Akrep 1.bölüm
YAZAR: Ayça AKMAN
İntikam hikâyelerine sıcak bakan bir seyirci olduğumu birkaç kez belirttiğimi anımsıyorum. Akrep de bu konu üzerinden yürüyecek bir iş gibi göründüğünden ilgimi çeken, tanıtımlarını izlediğimde kafamda oluşan “ Acaba?” sorusuna rağmen bir umut, ekran karşısına geçtiğim projelerden biri oldu.
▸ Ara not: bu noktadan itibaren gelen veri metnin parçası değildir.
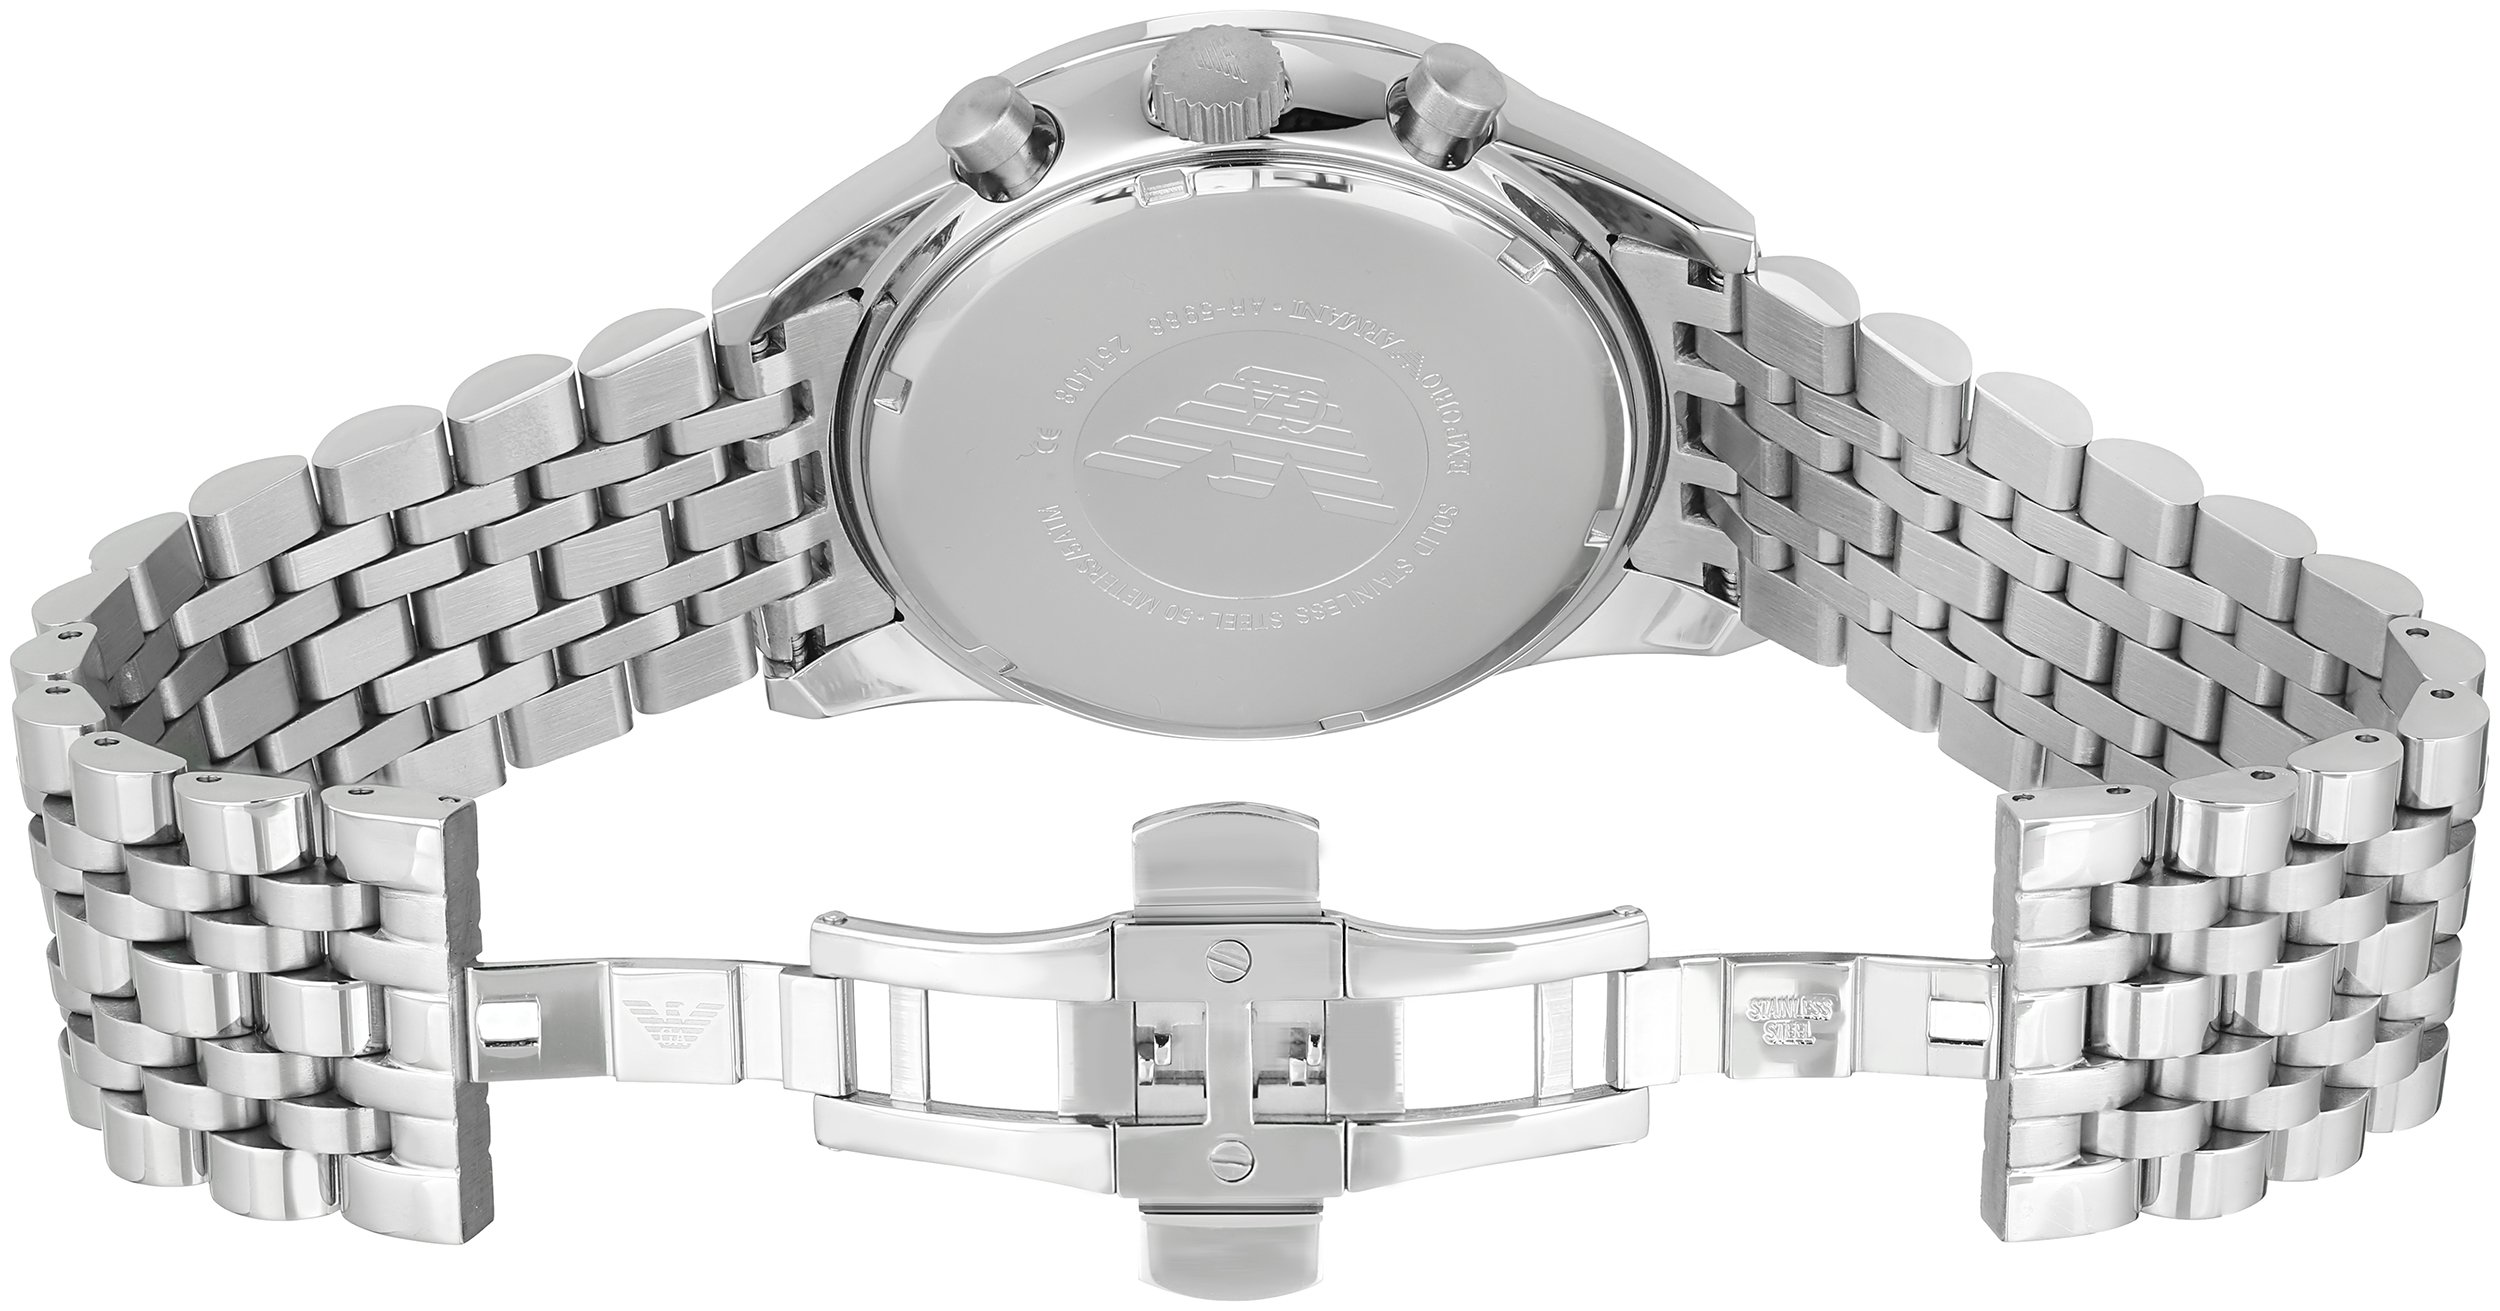 Emporio Armani Men's AR5988 Sport Silver Watch

Hapishane penceresine sırtını dönmüş, demir parmaklıkların önüne “yuva” yapmış iki güvercinin sesini dinlerken buluştuk ana karakter Ferda’yla. Hikâye bizi, süresi belirsiz zaman atlamalarıyla bugüne ve geçmişe götürüp getirirken bir yaşında annesi tarafından terk edilen Ferda’nın “annesinin hayatını başına yıkmak” başka bir deyişle “yuvasını yapmak” hevesiyle başladığı intikam yolculuğunun ilk adımları sunuldu bizlere. Zaten benim de çekincelerim bu noktada başladı. Ana kahramanı salt kötü olan anlatılar, empati kurmayı neredeyse imkânsız kıldıkları için hikâyenin içine girmek çok zordur. Bir de karakterin motivasyonuna ikna olup ona hak veremiyorsak bu büsbütün riskli bir durumdur. Akrep’te hissettiğim de tam olarak bu oldu. Annesinin milyon dolarlık çekini elinin tersiyle iten Ferda, kızı Merve’ye “Bizden çalınan, gözyaşlarımız üzerine kurulan hayatı geri alacağım!” deyince bende şafak attı. Ee, hani parada pulda gözün yoktu, tek odağın intikamdı? O zaman demezler mi “Sen de diğerleri gibisin!” serzenişleri arasında karakterle bağımı kopardım ondan sonra da zaten öykü benim için kasvetli temposuz, kahramanın hapse gireceğini bile öğrendiğimiz için merak unsuru barındırmayan zoraki bir seyirlik oldu. Sondaki ters köşe bile heyecan uyandırmadı, üzgünüm.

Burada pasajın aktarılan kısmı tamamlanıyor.